What if the Person Was a Public Figure in Alaska?

If the person allegedly defamed was a “public figure,” the law of defamation is quite different; specifically, it is much harder to prove because the case from the United States Supreme Court in 1964 entitled New York Times vs. Sullivan. This case arose when the Montgomery, Alabama Public Safety Commissioner, LB Sullivan, sued the New York Times for what he claimed were inaccurate criticisms of actions by the police in the civil rights era (not in a story, but in a full-page advertisement which sought money to defend Martin Luther King Jr. against a perjury indictment in Alabama). Importantly, however, the advertisement did not even mention Mr. Sullivan. Regardless, Sullivan won a verdict of $500,000 in his Alabama lawsuit. The US Supreme Court reversed that case and stripped Sullivan of his victory, in its watershed ruling that public officials can only recover for defamation (libel or slander) if they can prove “actual malice.” Alaska jurisprudence adheres to the New York Times vs. Sullivan “actual malice standard” by requiring public figures to prove that the defendant “either knew that the statement was false or had serious doubts about the truth of the statement.”

Does It Matter Whether the Issue Was a Matter of Public Concern?

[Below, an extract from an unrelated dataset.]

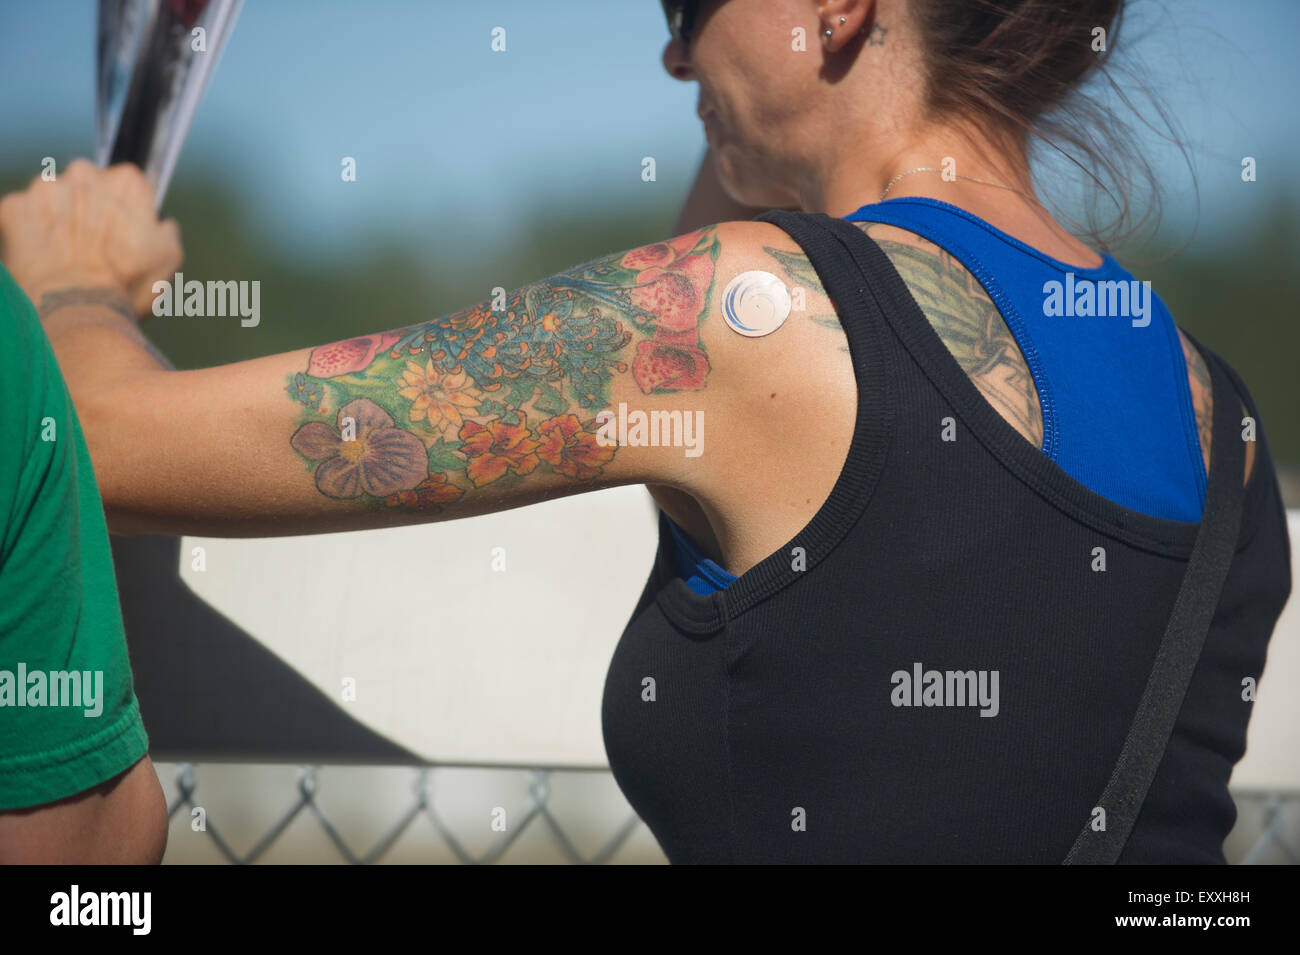 Frau mit Tattoos auf dem Arm. Stockfoto

Moreover, the New York Times actual malice standard applies not just to public figures, but also to cases where the alleged defamatory statement regards a “matter of public concern.” Actually, it was in 1940 that the US Supreme Court first articulated the concept that the First Amendment afforded greater protection to statements that concern matters of public interest. In Thornhill vs. Alabama, Justice Frank Murphy wrote for the Court: “The freedom of speech and of the press guaranteed by the Constitution embraces at the least the liberty to discuss publicly and truthfully all matters of public concern, without previous restraint or fear of subsequent punishment.” Over 30 years later, the Supreme Court explicitly extended the “actual malice” standard to statements about matters of public concern — even when the plaintiff is a private, not a public, figure. According to the Supreme Court in Rosenbloom vs. Metromedia: “if a matter is a subject of public or general interest, it cannot suddenly become less so merely because a private individual did not ‘voluntarily’ choose to become involved. The public’s interest is in the event; the public focus is on the conduct of the participant and the content, effect, and significance of the conduct, not the participant’s prior anonymity or notoriety.”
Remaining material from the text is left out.